To describe its subject or find a suitable title for the print already poses problems, and today’s habitual title Christ healing the Sick only covers some of its content. In the past, the print had also been known as Christ preaching, which is equally correct and insufficient. It is now well established that in fact this multitudinous scene depicts or alludes to almost the entire narrative of Matthew 19 which, rather than paraphrasing it, is worth quoting at length:
And it came to pass, that when Jesus had finished these sayings, he departed from Galilee, and came into the coasts of Judæa beyond Jordan; And great multitudes followed him; and he healed them there.
The Pharisees also came unto him, tempting him […]
Then were there brought unto him little children, that he should put his hands on them, and pray: and the disciples rebuked them. But Jesus said, Suffer little children, and forbid them not, to come unto me: for of such is the kingdom of heaven. And he laid his hands on them, and departed thence.
And, behold, one came and said unto him, Good Master, what good thing shall I do, that I may have eternal life? And he said unto him, Why callest thou me good? there is none good but one, that is, God: but if thou wilt enter into life, keep the commandments. He saith unto him, Which? Jesus said, Thou shalt do no murder, Thou shalt not commit adultery, Thou shalt not steal, Thou shalt not bear false witness, Honour thy father and thy mother: and, Thou shalt love thy neighbour as thyself. The young man saith unto him, All these things have I kept from my youth up: what lack I yet? Jesus said unto him, If thou wilt be perfect, go and sell that thou hast, and give to the poor, and thou shalt have treasure in heaven: and come and follow me. But when the young man heard that saying, he went away sorrowful: for he had great possessions.

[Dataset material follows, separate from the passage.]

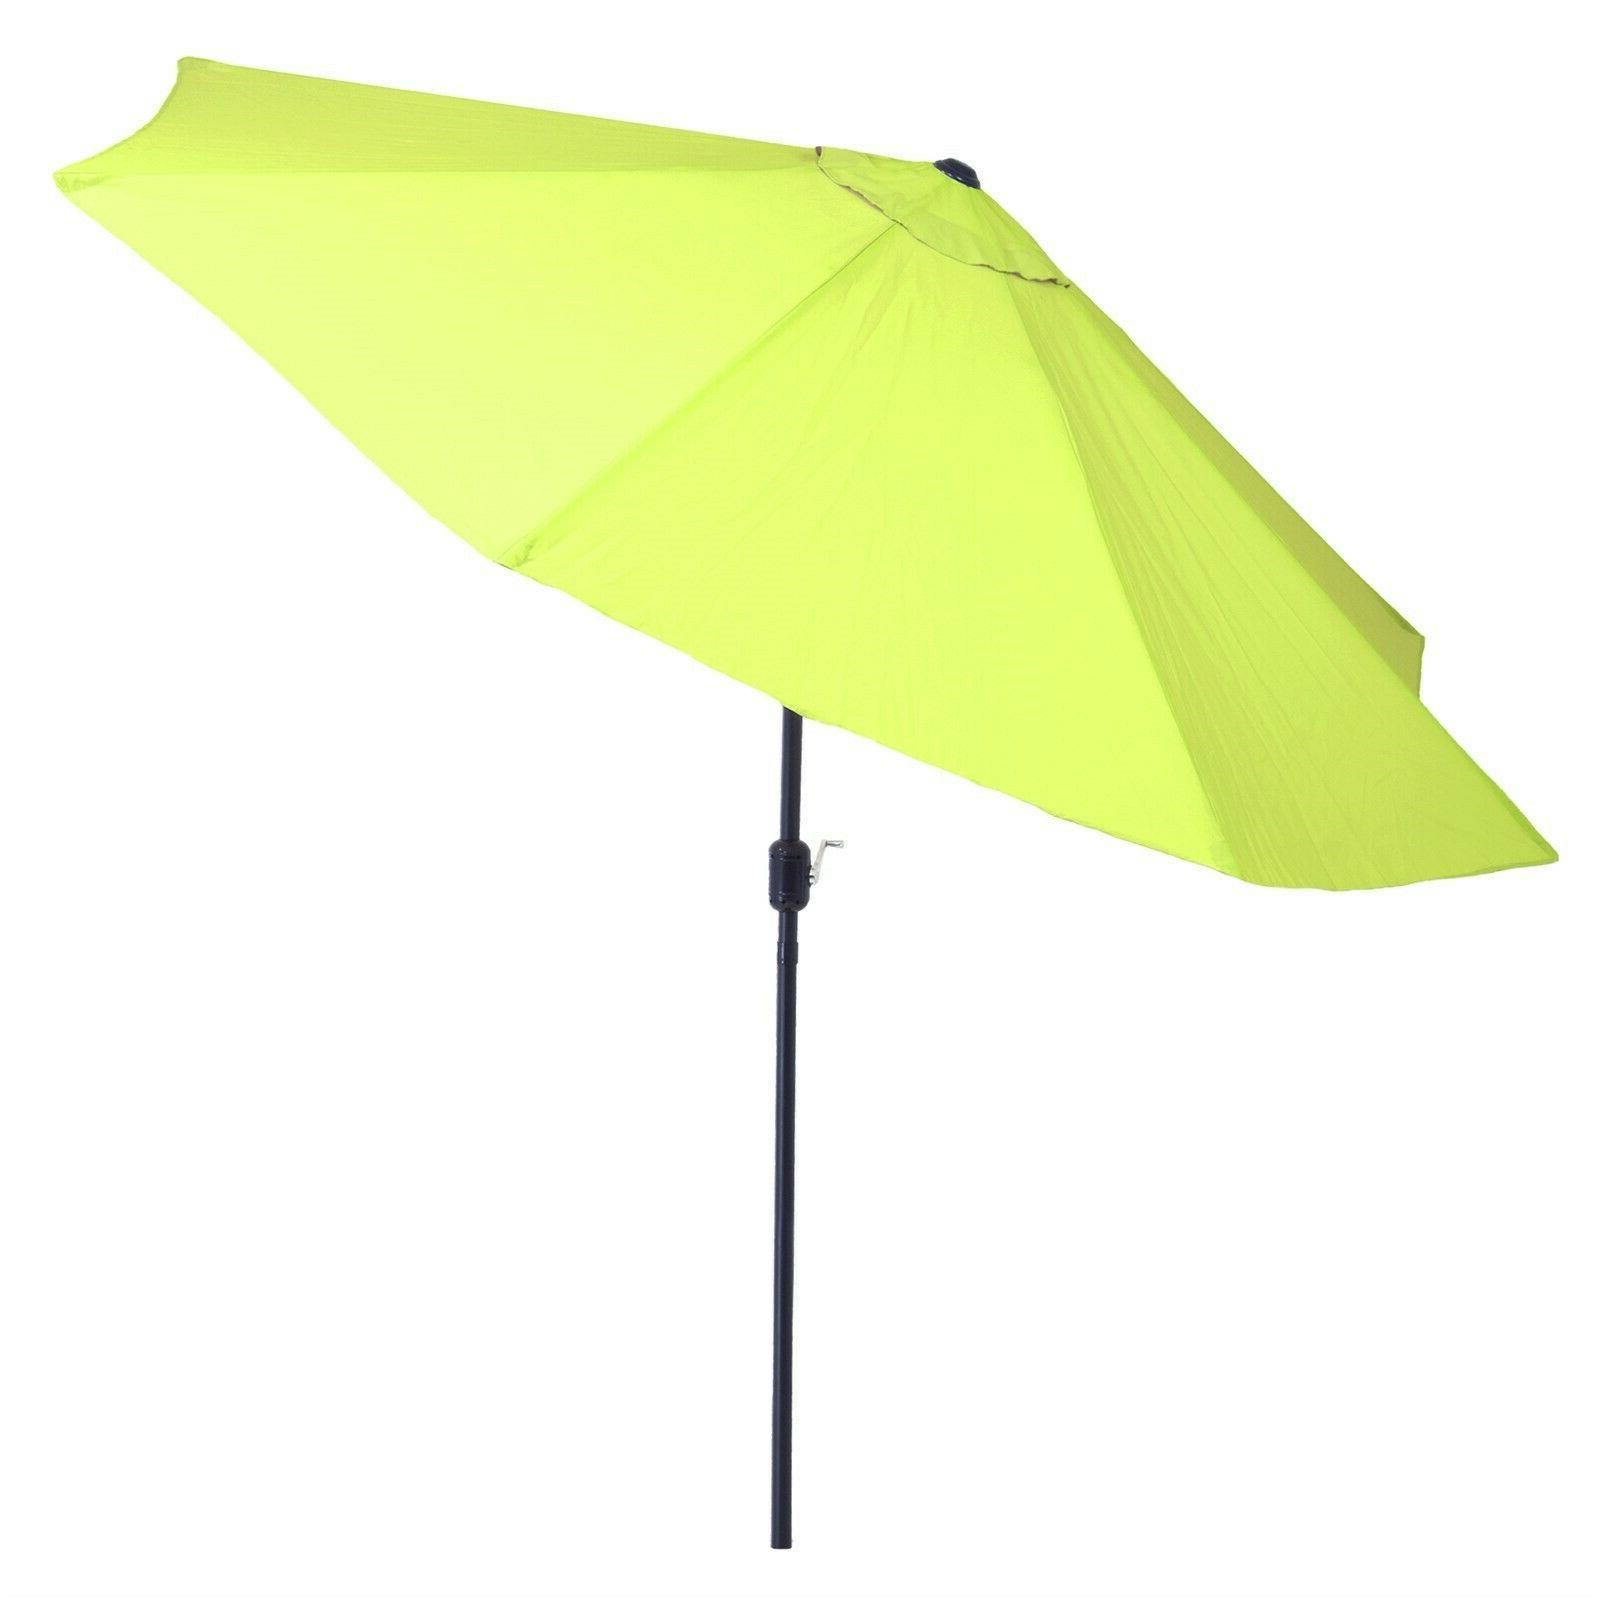 10 Feet Aluminum Pole Umbrella with Auto Tilt Crank Lime Gre

Then said Jesus unto his disciples, Verily I say unto you, That a rich man shall hardly enter into the kingdom of heaven. And again I say unto you, It is easier for a camel to go through the eye of a needle, than for a rich man to enter into the kingdom of God. When his disciples heard it, they were exceedingly amazed, saying, Who then can be saved? But Jesus beheld them, and said unto them, With men this is impossible; but with God all things are possible.
Then answered Peter and said unto him, Behold, we have forsaken all, and followed thee; what shall we have therefore? And Jesus said unto them, Verily I say unto you, That ye which have followed me, in the regeneration when the Son of man shall sit in the throne of his glory, ye also shall sit upon twelve thrones, judging the twelve tribes of Israel. And every one that hath forsaken houses, or brethren, or sisters, or father, or mother, or wife, or children, or lands, for my name's sake, shall receive an hundredfold, and shall inherit everlasting life. But many that are first shall be last; and the last shall be first.

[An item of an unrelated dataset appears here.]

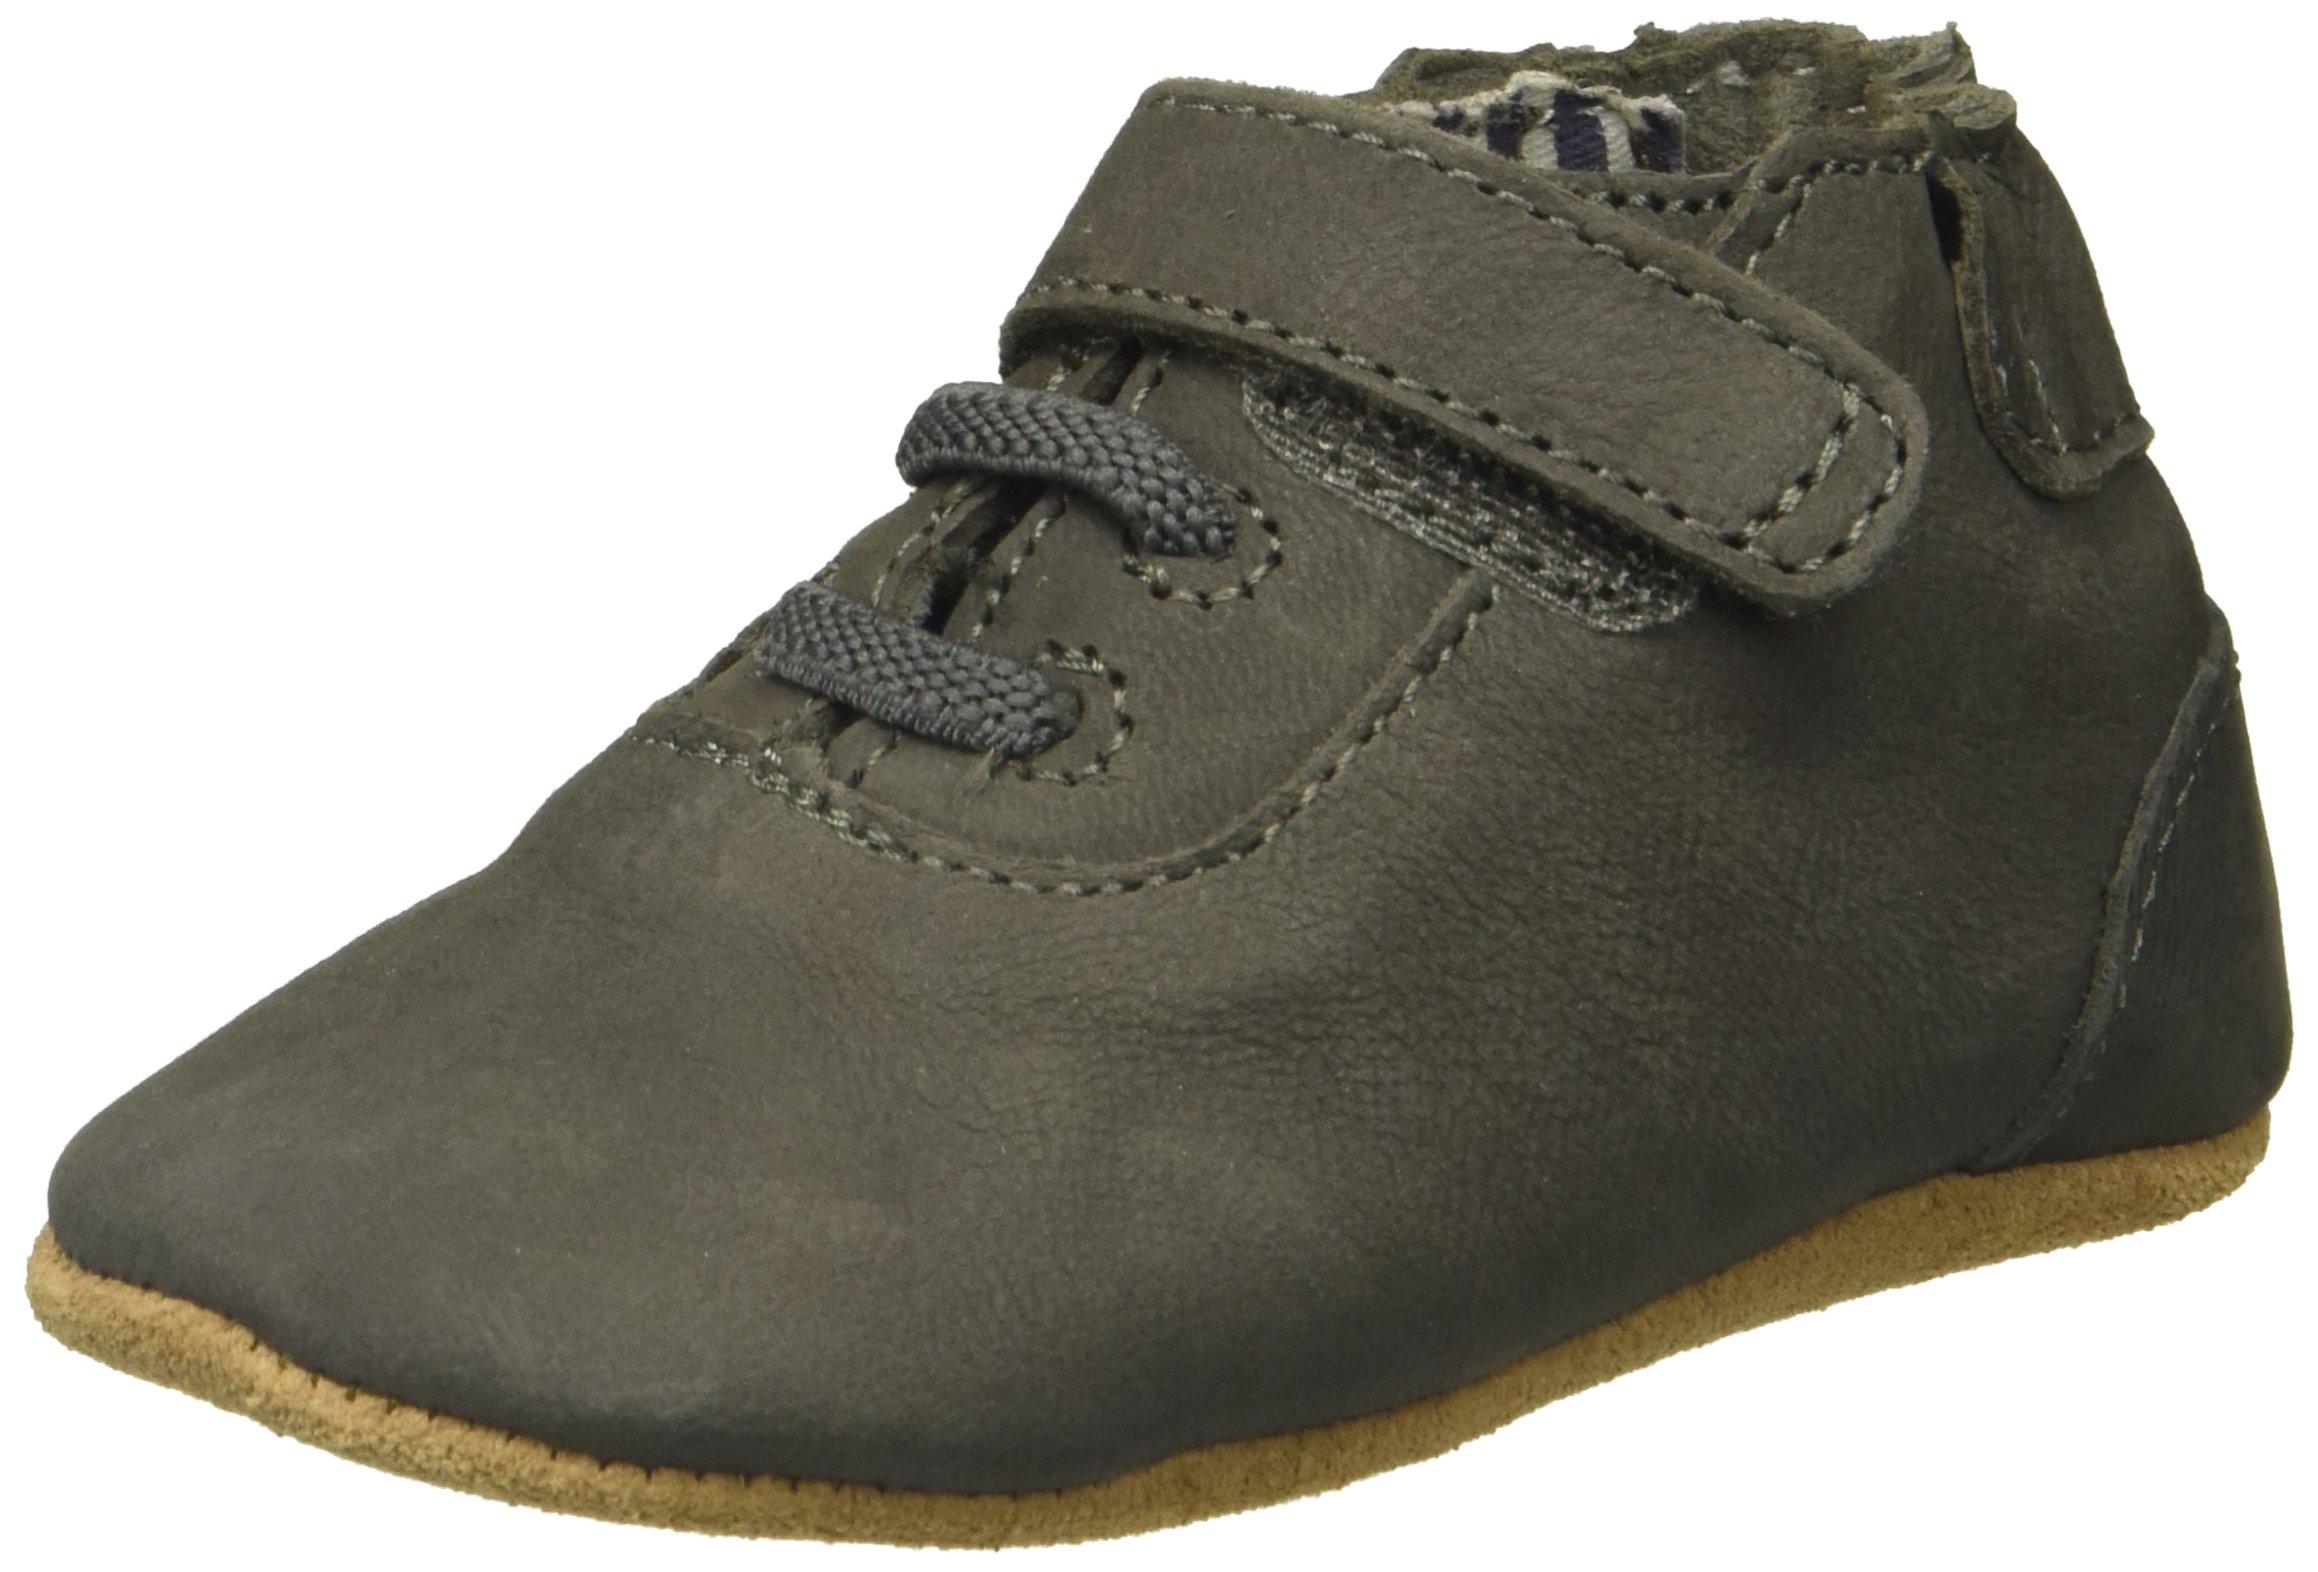 Robeez Boys' George Shoe First Kicks,Grey,12-18 mn M US Infant

Rembrandt combined not only the various episodes – the healing of the sick, the doubting pharisees, the welcoming of the children, the advice he gives to the rich young man, the proverb of the camel going through the eye of a needle – into one single scene or rather various scenes within a single image, but also attempted to convey the overarching message of the text. He does so by depicting many of the events, but also by developing a whole new pictorial language, which is symbolic of Christ’s teachings and of His nature as the Savior and Redeemer. It is a language that is based primarily on light and shadow. This is immediately evident in the way Rembrandt renders the light emanating from the head of Christ, whose features are ethereal, insubstantial, compared to the many other faces in the crowd. In a particularly subtle, but all the more astonishing detail, the shadow of Christ’s raised left hand projected onto his cloak seems to reach down towards the shadow of the hands of the praying woman kneeling below him to the right. What at first glance appears to be a random play of light and shade is in fact a spiritual manifestation: ‘Rembrandt seems to be giving form to the paradox of incarnation: Christ is both a real human and a true god.’ (Müller, ibid., p. 53) Above all, however, The Hundred Guilder Print is a dualistic image, divided into a brightly lit left and a dark right side. It is through this division that Rembrandt finds a visual equivalent for the fundamental lesson of Christ’s teachings and the seemingly paradoxical final sentence of Matthew 19: the first shall be last, and the last shall be first.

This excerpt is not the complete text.